━━ DATA BLOCK ━━

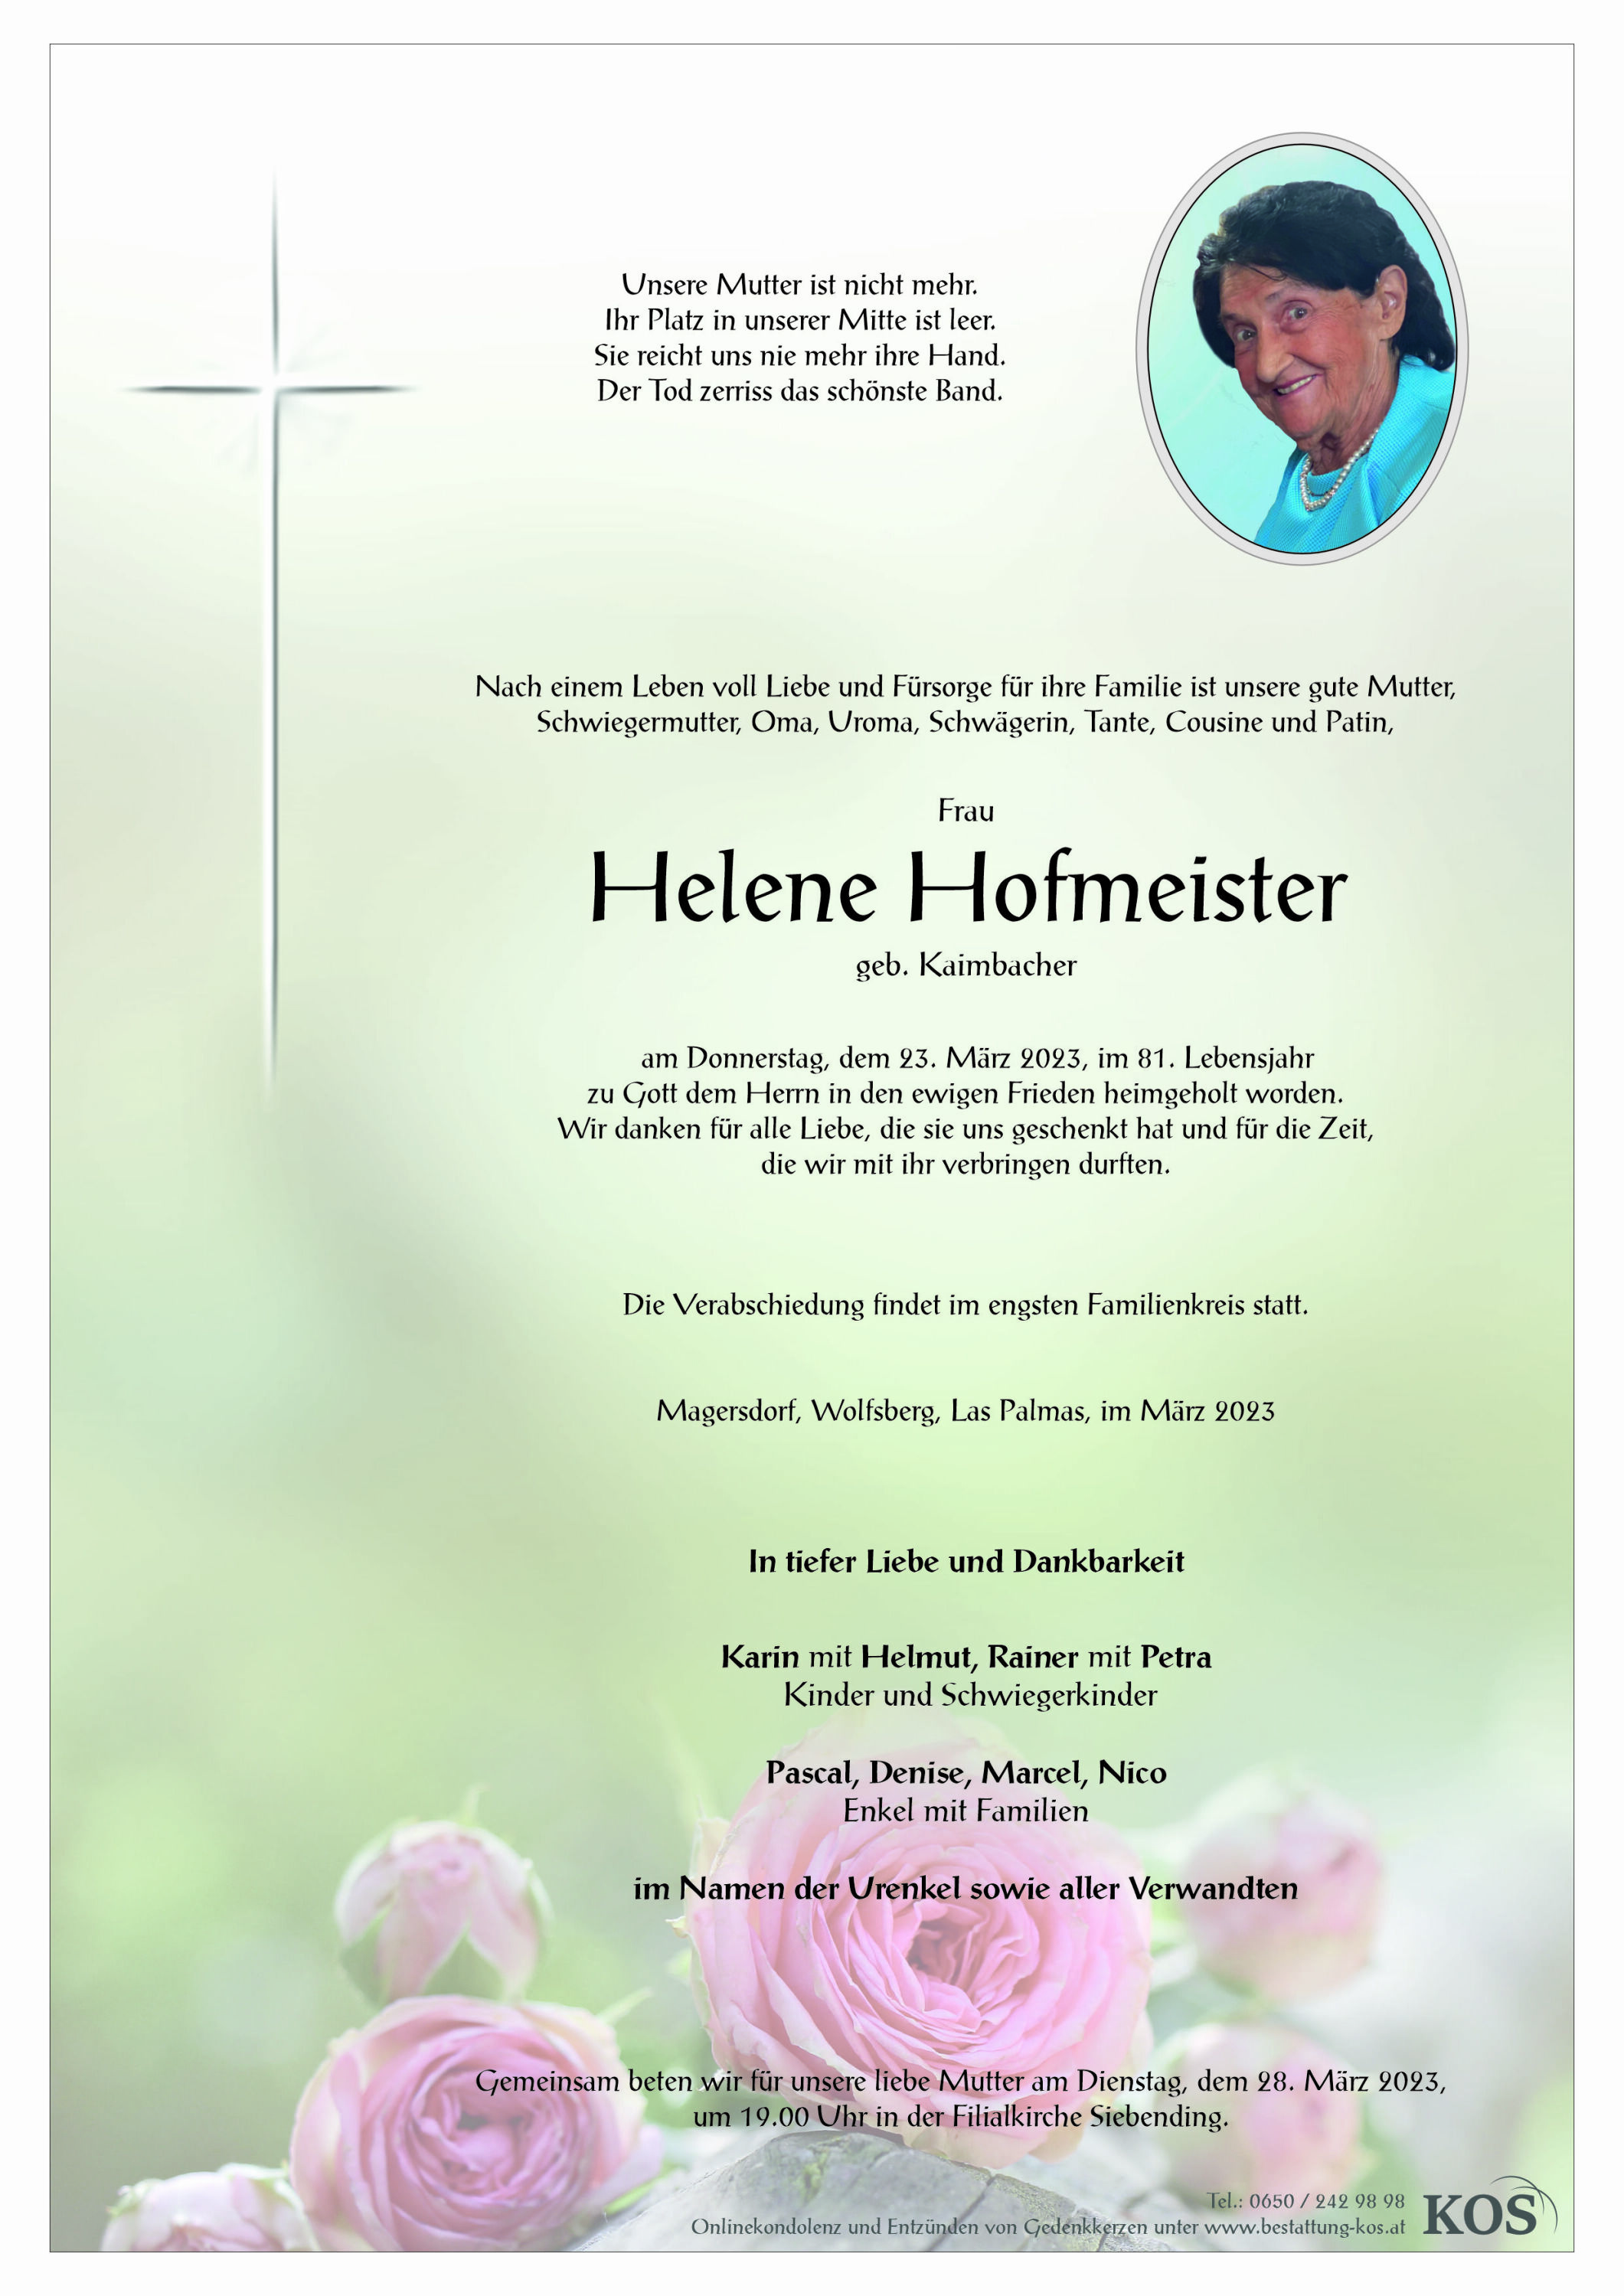 Helene Hofmeister
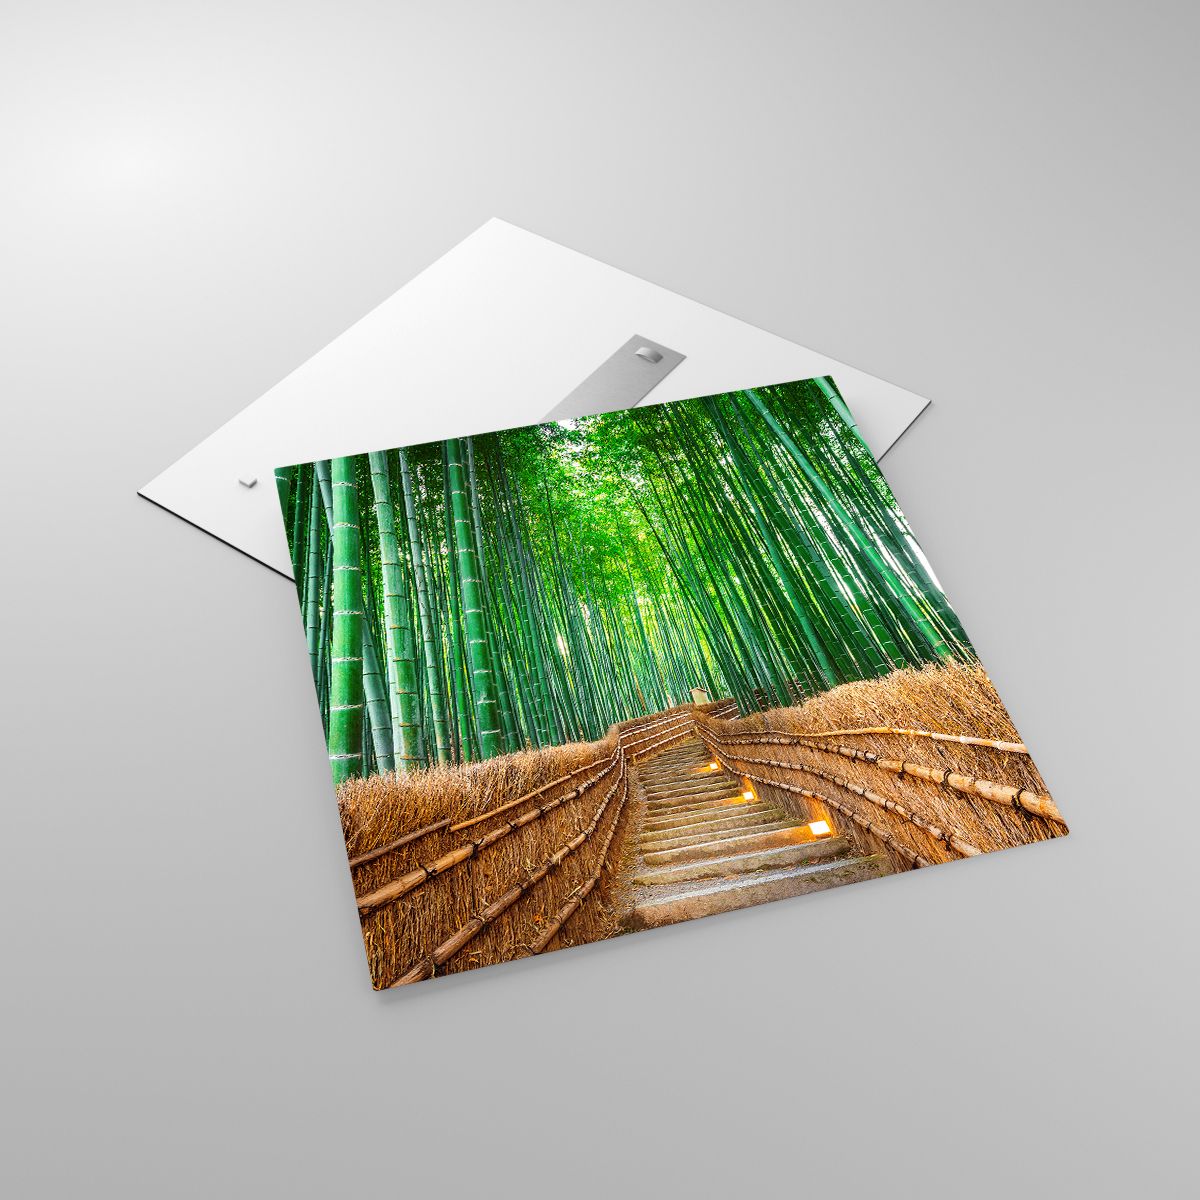 Glasbild Bambus, Glasbild Bambuswald, Glasbild Natur, Glasbild Landschaft, Glasbild Asien
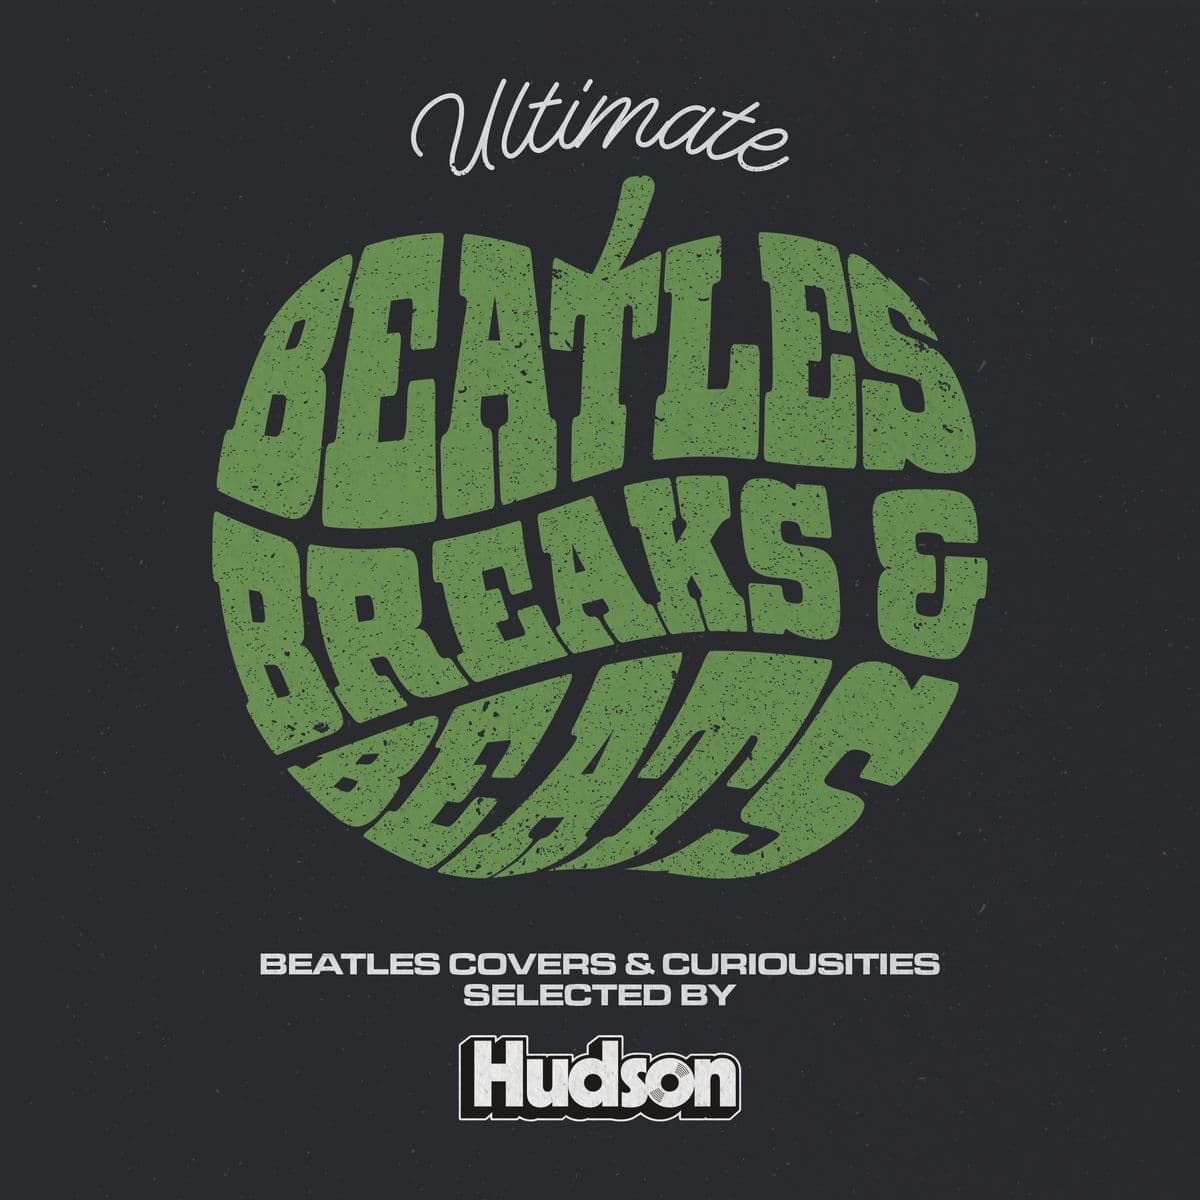 Ultimate Beatles Breaks and Beats von DJ Hudson | So hast du die Beatles Songs noch nie gehört | Mixtape
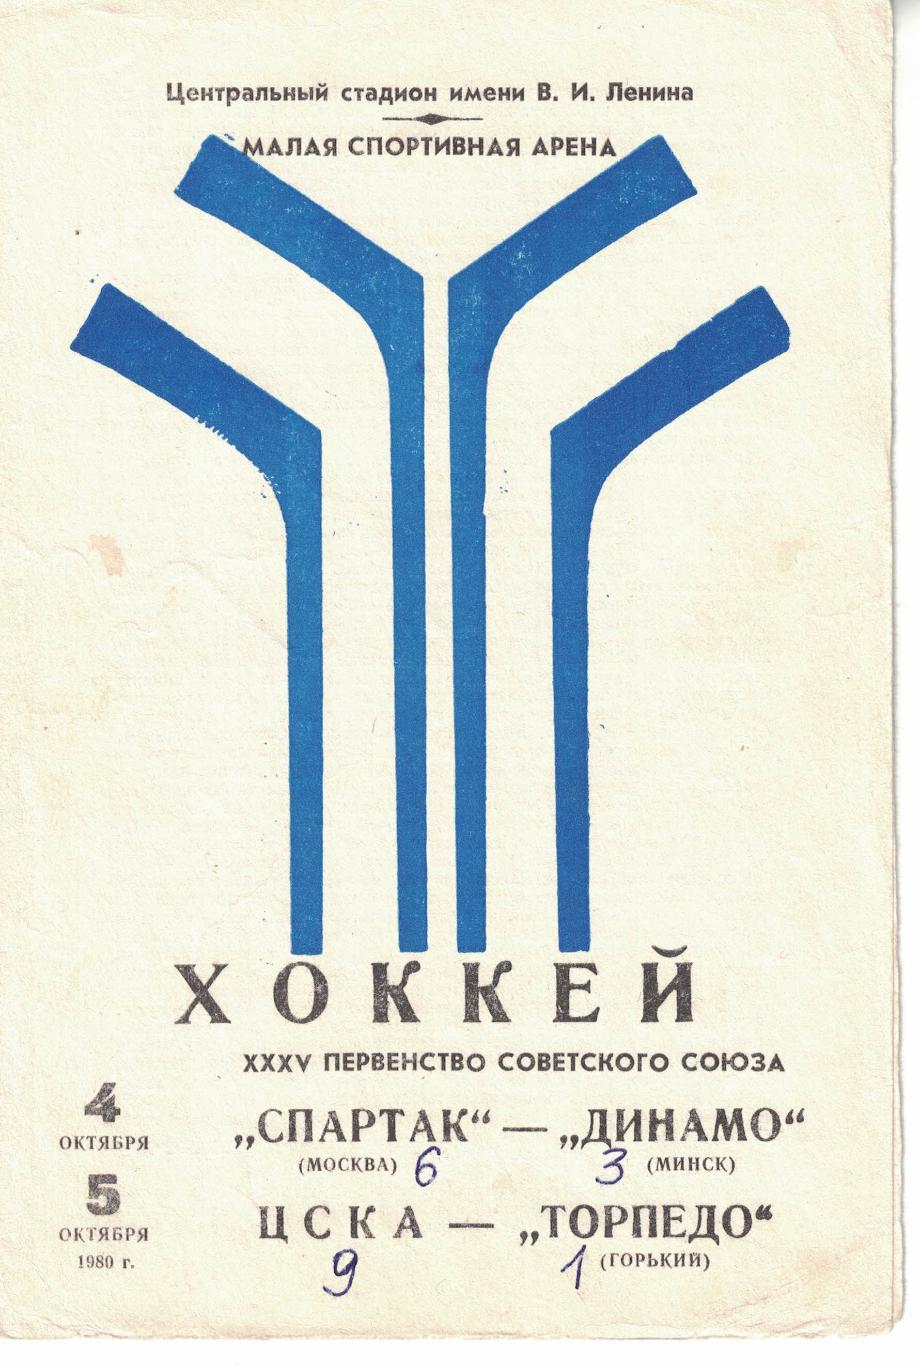 Спартак Москва - Динамо Минск, ЦСКА - Торпедо Горький 04 и 05.10.1980

━━━

### TASK TO CARRY OUT
With the pictures removed, copy the data above word for word.

### SOLUTION TO THIS PROBLEM
 Helene Hofmeister
 Glasbild Bambus, Glasbild Bambuswald, Glasbild Natur, Glasbild Landschaft, Glasbild Asien
 Ultimate Beatles Breaks and Beats von DJ Hudson | So hast du die Beatles Songs noch nie gehört | Mixtape
 Спартак Москва - Динамо Минск, ЦСКА - Торпедо Горький 04 и 05.10.1980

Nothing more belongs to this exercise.